In contrast to normal caches, this private local storage can have an explicit management system and be specifically used for storing node - specific data (e.g., execution stacks and other thread - private states). Access within micrometers, enabled by microbumps, hybrid bonding, through - silicon vias, or single - chip wafer - level connections, significantly reduces the latency, energy consumption, and bandwidth bottlenecks associated with a large address space. Following the practice of modern multi - chip processors, the shared state between nodes (e.g., locking mechanisms) is placed in a shared storage inside the housing (e.g., HBM). Although it is slower than the private local segments, it still offers better bandwidth and energy efficiency than off - housing DRAM.
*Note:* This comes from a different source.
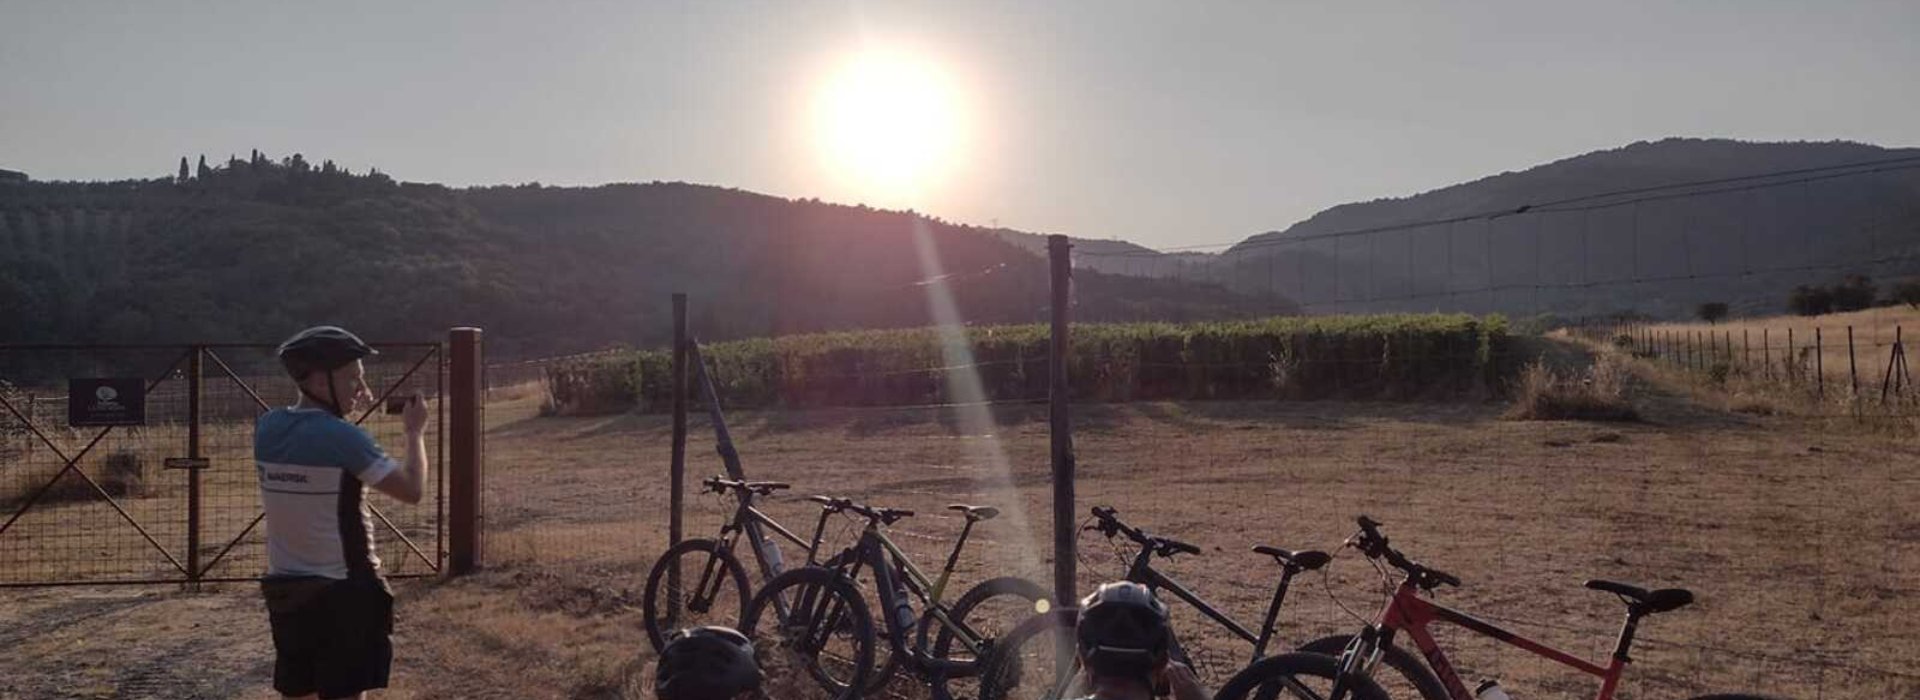 E-bike tour with tasting in the Chianti hills, near Florence

However, the integration possibilities are limited by physical constraints (e.g., heat dissipation, module size, etc.)³. For mass storage, off - housing DRAM is still required. DRAM is no longer used as a shared, flat address - space pool but as a capacity - oriented storage layer for large working sets and cold data, while performance - dependent accesses are managed through faster, distributed storages inside the housing. The software must build the storage system itself: it must represent both the "almost zero - distance local storage" and the "higher - latency layer" through an abstraction layer and decide which data should remain local, which should be shared, and which should be transferred to the off - housing DRAM to efficiently manage data layout and migration.

This article is from the WeChat account "Semiconductor Industry Observation" (ID: icbank), author: Stanford. Published by 36Kr with permission.